Fig. 2a and b respectively show the directly measured reflectance and transmittance, as well as the corresponding numerical curves provided by the NEA simulation for the first case study. The reflectances, R_p and R_s curves, were measured and calculated by considering an incident angle of θ_i = 50°, while the transmittance was measured and simulated at normal incidence. The minimum value at about 350 nm in the reflectance curves (and the related maximum in the transmittance ones) is referred to as the Ferrell–Berreman mode for a silver nanometric layer.⁴⁰ The difference of about 20% between the amplitude of the experimental and simulated curves is due to the presence of the glass substrate in the real sample, that is partially considered in the simulated case. Indeed, in order to optimize the computational time, the size of the glass in the simulation was decreased to 1200 nm instead of the real 1.1 mm. The results are different only in absolute values but not in the general trends of the curves. Apart from that, the agreement between measurements and simulations is quite satisfactory. Fig. 2c and d show the Ψ and Δ behaviors, respectively.

Fig. 2 Reflectances (R_p, and R_s, red and black lines with symbols) and transmittance (T, blue lines with squares) measured (a) and calculated using the NEA model (b) for a single Ag layer on a glass substrate. Comparison between Ψ and Δ for the experimental (colored triangles and squares) and numerical (black lines) cases respectively, for the same samples (c and d).

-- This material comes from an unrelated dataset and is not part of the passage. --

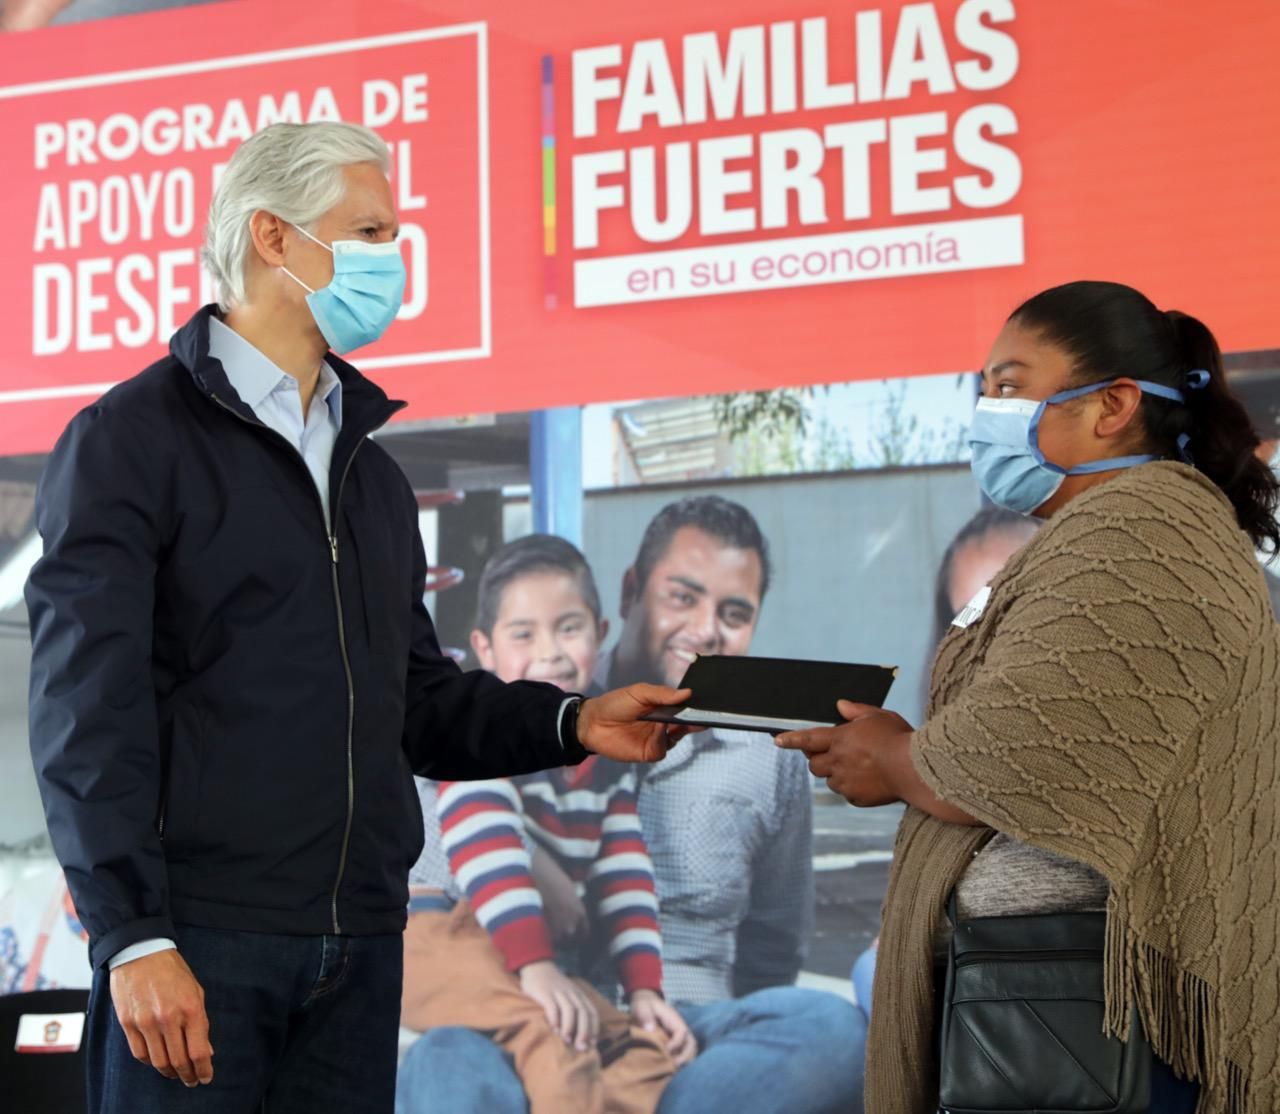 Permite Programa de apoyo para el desempleo reactivar economía familiar afectada por la pandemia: Alfredo del Mazo 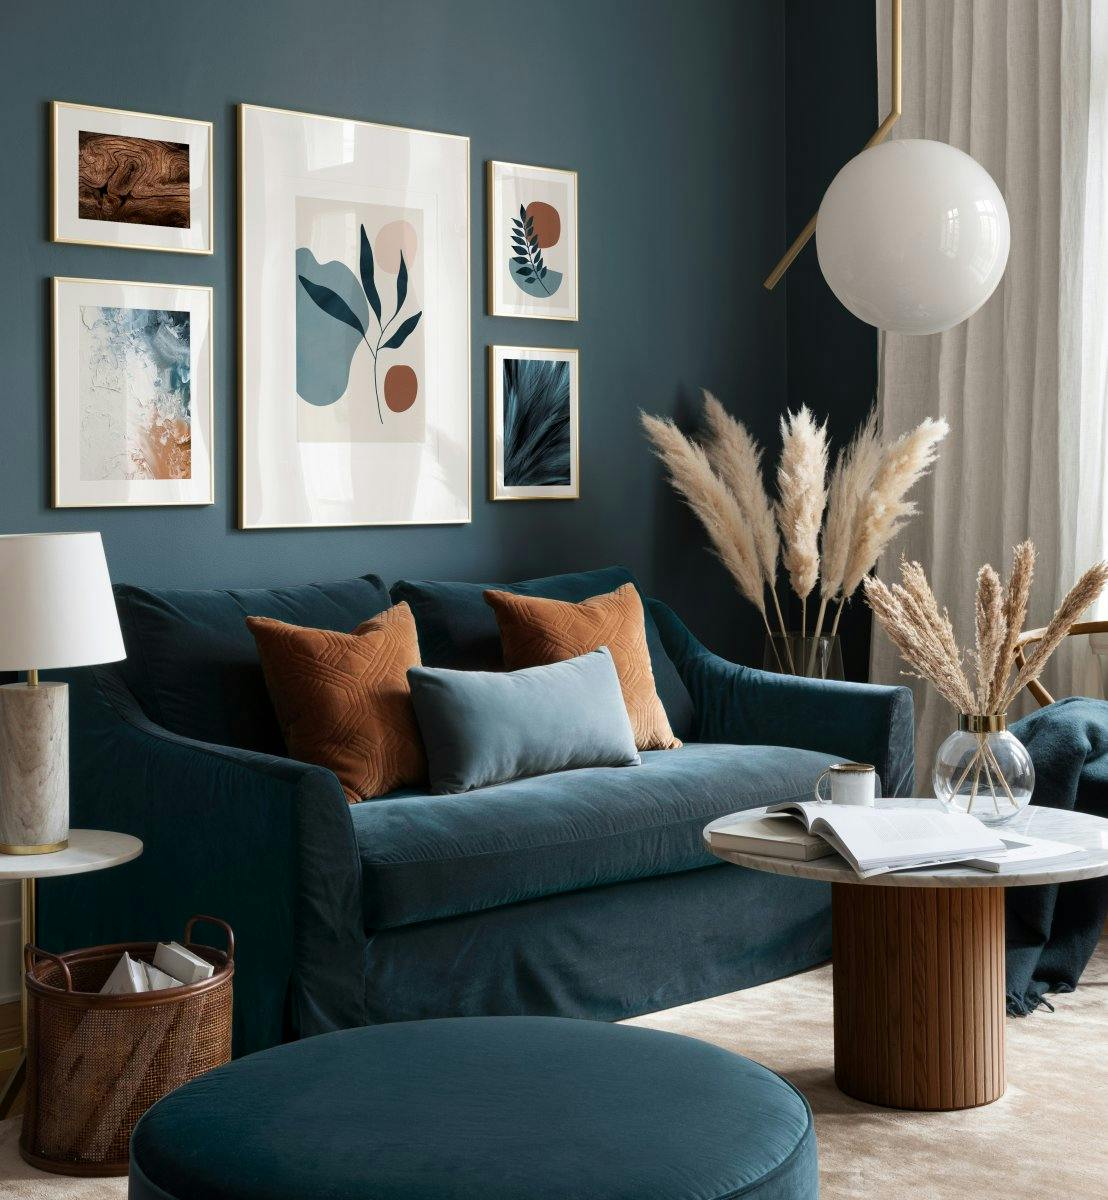 Abstrakte grafiske plakater og blå teal-blå kunsttryk i moderne stue

The second test of our NEA model was conducted on a hyperbolic metamaterial (HMM) that, by alternating lossy metal layers with dielectric ones, acquires particular optical features. Thickness and composition of the nanolayers can be opportunely designed in order to exploit unusual optical properties in a desired spectral range. In fact, the particular design and choice of sizes and constitutive materials leads to the epsilon-near-zero-and-pole (ε_NZP) HMM,^41–43 allowing extraordinary light confinement properties. The proposed HMM system is sketched in the inset of Fig. 3b and is composed of five Ag/ITO bilayers, characterized by a fill fraction of 50%. Fig. 3a and b show, respectively, the experimental and numerical reflectances (R_p, and R_s) and the transmittance (T) calculated by the NEA model together with the comparison between experimental and numerical Ψ and Δ for the same sample (Fig. 3c and d). Also in this case, all measured quantities show impressive agreement with their numerical counterparts. Fig. 3e and f show the electric field maps respectively for an s-pol and a p-pol wave at λ = 390 nm, where it is clearly evident that the p-pol wave is able to penetrate more efficiently through the HMM structure than in the s-pol case, where the wave is transmitted by the medium in accordance with the metamaterial prediction.^44–47

Fig. 3 Reflectances (R_p, and R_s, red and black lines with symbols) and transmittance (T, blue lines with squares) measured (a) and calculated using the NEA model (b) for the five bilayers Ag/ITO HMM, as sketched in the inset. Comparison between experimental (colored lines with symbols) and numerical systems (solid lines) Ψ (c) and Δ (d), for the same sample. (e and f) Electric field maps distribution for TE (s-pol) and TM (p-pol) waves respectively, extracted for an impinging wavelength of 390 nm.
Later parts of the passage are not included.